Final Checklist Before Your Interview
Walk into the room knowing you can handle anything the interviewer throws at you. In the last 24 hours before your private equity interview, focus on these essentials:
- Memorize your core formulas — be able to calculate EBITDA, calculate free cash flow, and approximate IRR using shortcuts like the Rule of 72 or 114 without hesitation. In a paper LBO, speed and accuracy are critical.
- Be fluent in key value drivers — understand how capital expenditures, net debt, and purchase multiple assumptions affect enterprise value, equity value, and returns.
- Know your leverage math — be able to explain how the debt to equity ratio changes over the holding period, and why that impacts investor risk and IRR.
- Clarify the valuation basis — always confirm whether the analysis is on a debt-free basis or a cash-free basis, as it changes the equity value calculation and can lead to major mistakes if misunderstood.
If you can confidently run through each of these without notes, you’re positioned not just to pass the paper LBO but to impress your interviewer as someone who already thinks like an investor.

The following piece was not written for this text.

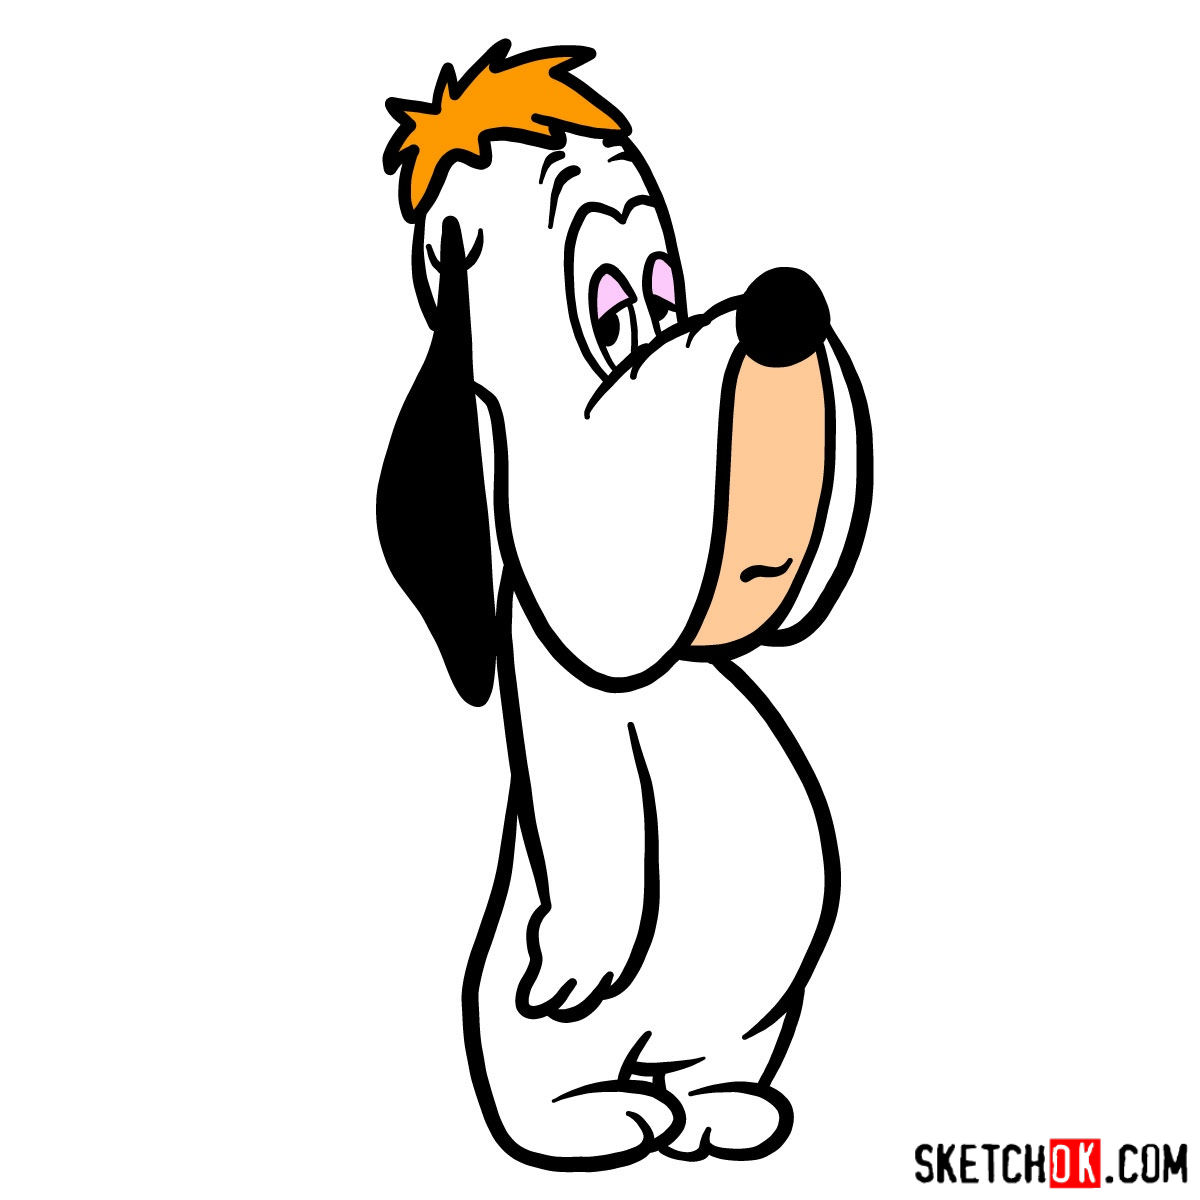 How to draw Droopy Dog - Sketchok easy drawing guides

Conclusion: Why Mastering the Paper LBO Gives You an Edge
The paper LBO model isn’t about perfect math — it’s about demonstrating that you think like an investor under time pressure. By mastering the framework, practicing mental math, and presenting with clarity, you’ll separate yourself from the average candidate and show you’re ready to add value at a private equity firm from day one.

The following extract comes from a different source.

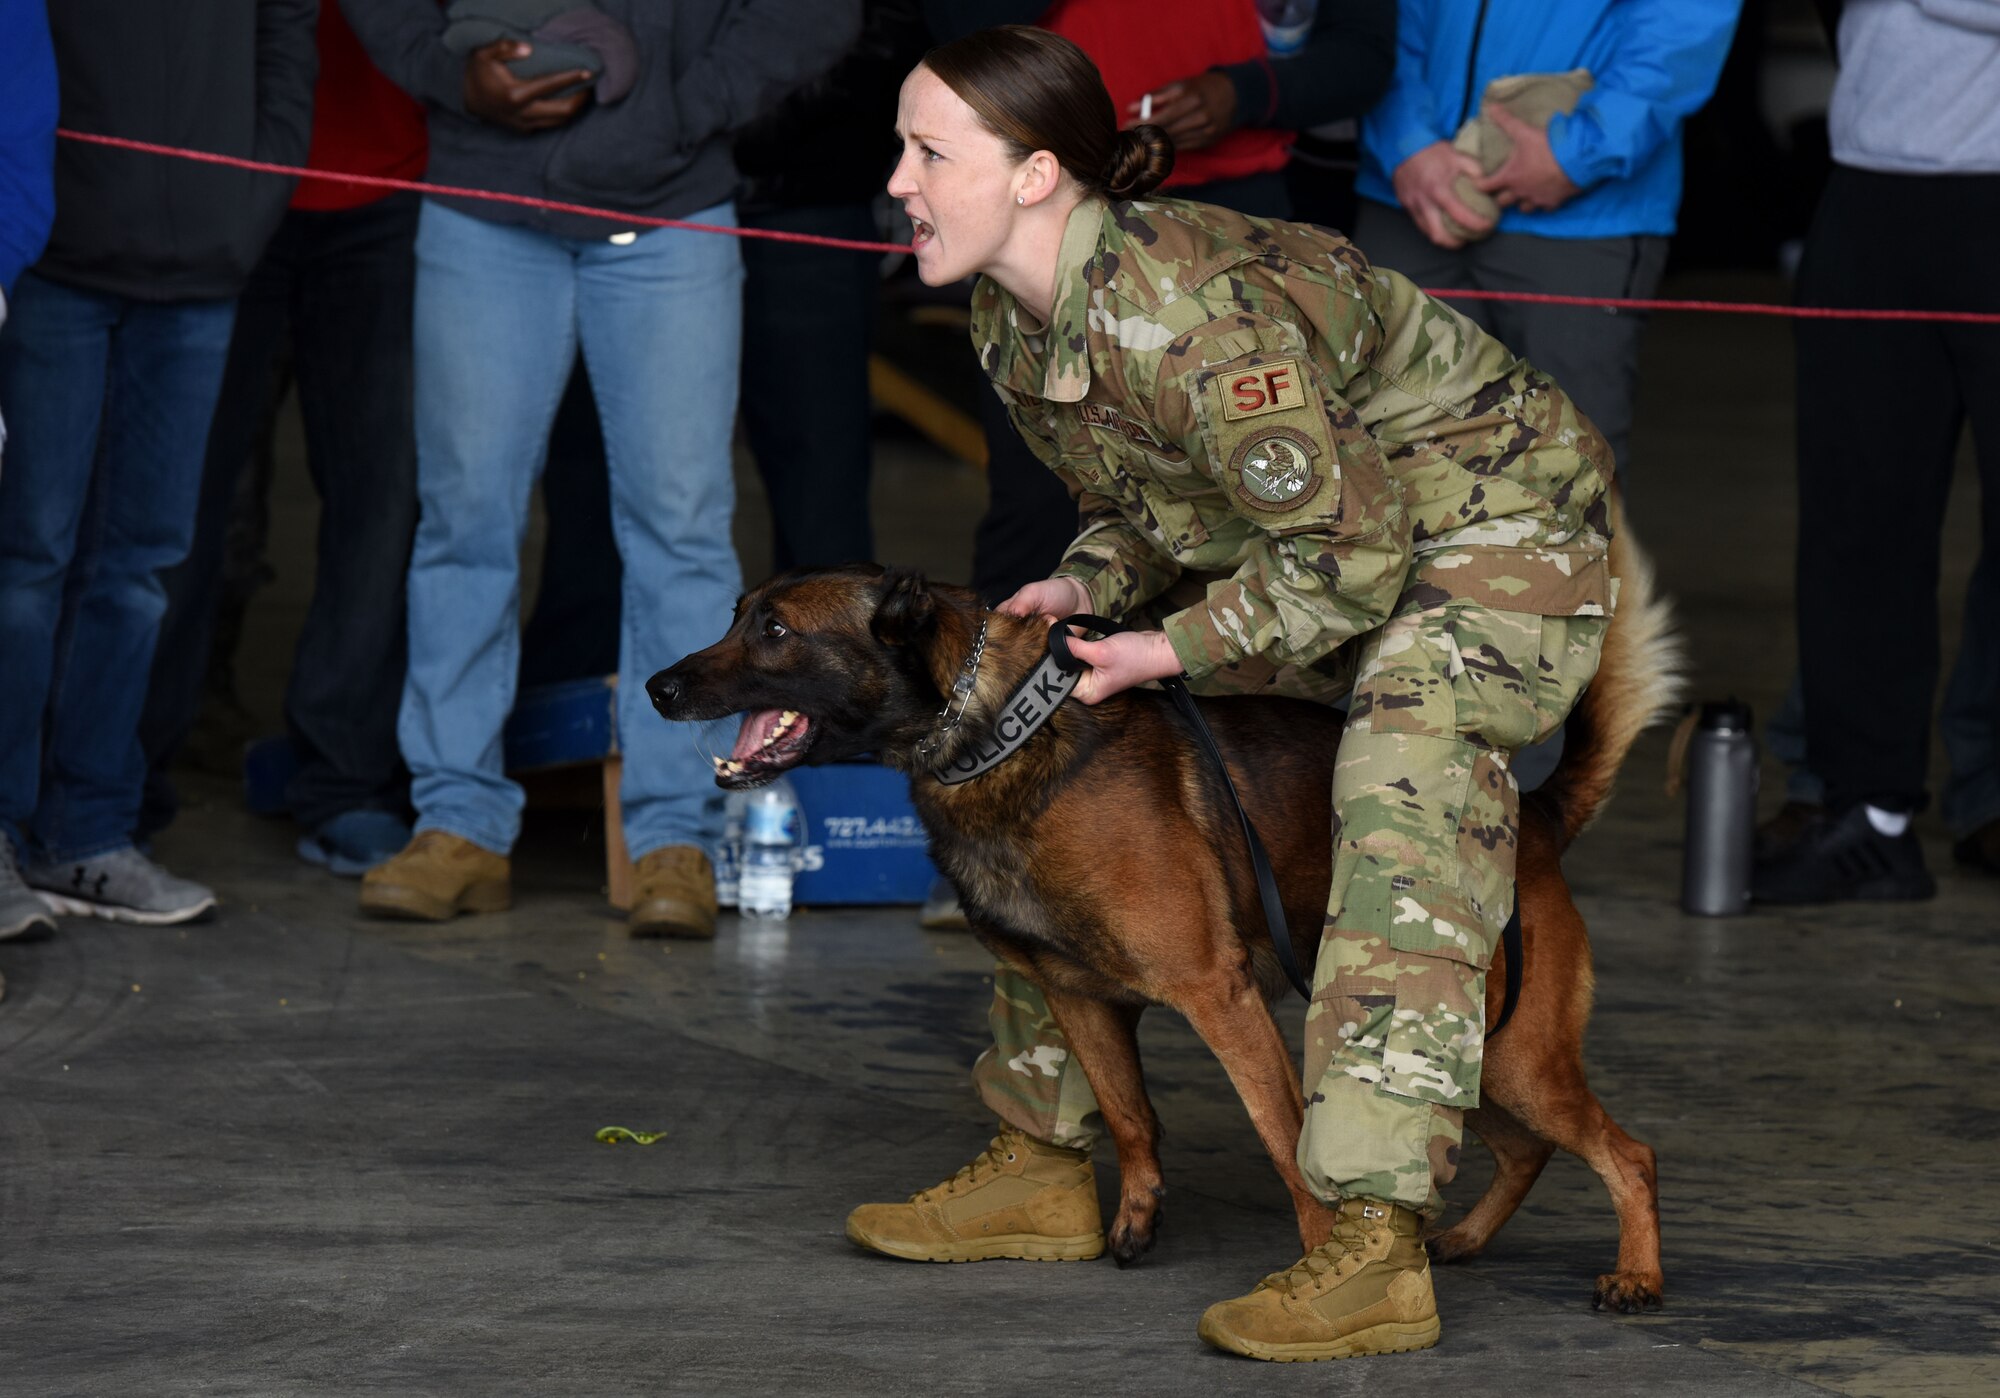 enior Airman Rachel Shetler, 39th Security Forces Squadron military working dog handler, gives verbal commands while restraining her MWD, Buck, during a K-9 demo at Airman Appreciation Day, March 29, 2019, at Incirlik Air Base, Turkey.

If you want to shortcut your learning curve, work with a top private equity coach who’s placed candidates at the top private equity firms. They’ll drill you on paper LBO prompts, review your paper LBO examples, and make sure your approach beats the competition every time. You can also check out private equity bootcamps and free events to unlock your full PE potential!
See: The 10 Best Private Equity Career Coaches for Interview Prep & Training
Read these next:
- Top Skills You Need to Break Into Private Equity
- 50+ Most Common PE Interview Questions & Answers (Behavioral/Technical)
- How to Ace Your Blackstone Interview
- The 10 Best Questions to Ask Your Interviewer in a Private Equity Interview
- Finance Internships for College & High School Students
- The Best Venture Capital & Private Equity Newsletters and Podcasts
- Private Equity Case Study Guide: Example & Practice
- Private Equity Resume Guide (With Template & Example)
FAQs
What’s the easiest way to explain a paper LBO to someone new?
- Think of it as a simplified leveraged buyout you do on paper instead of in Excel. You estimate returns using just a few assumptions, basic math, and a clear structure. The goal is speed and clarity, not perfection.
How do I know what numbers to use in a paper LBO?
- The interviewer will give you a prompt with key details, such as purchase price or multiple, EBITDA, debt terms, tax rate, and maybe growth or CapEx. If something’s missing, ask for it. In real interviews, clarifying assumptions is part of the test.
What’s the fastest way to calculate IRR in a paper LBO?
- Use mental math shortcuts like the Rule of 72 or 114. For example, if your MOIC is 2.0x over 5 years, divide 72 by 5 for a quick ~15% IRR estimate.
How much detail should I show in my paper LBO?
- Only what drives the returns. Show transaction assumptions, a mini income statement, free cash flow, debt paydown, and exit equity value. Don’t build extra schedules you don’t need — you’ll run out of time and risk errors.
What’s the difference between enterprise value and equity value in a paper LBO?
- Enterprise value is the total value of the business (debt + equity). Equity value is what’s left for equity holders after subtracting net debt from enterprise value. The difference matters because equity value is what drives MOIC and IRR.
How can I get better at paper LBOs quickly?
- Time yourself doing realistic prompts. Start with examples from training materials or past interviews, then practice until you can finish in 8–10 minutes. Get feedback from someone who’s worked in PE so you know what’s realistic and what’s overcomplicated.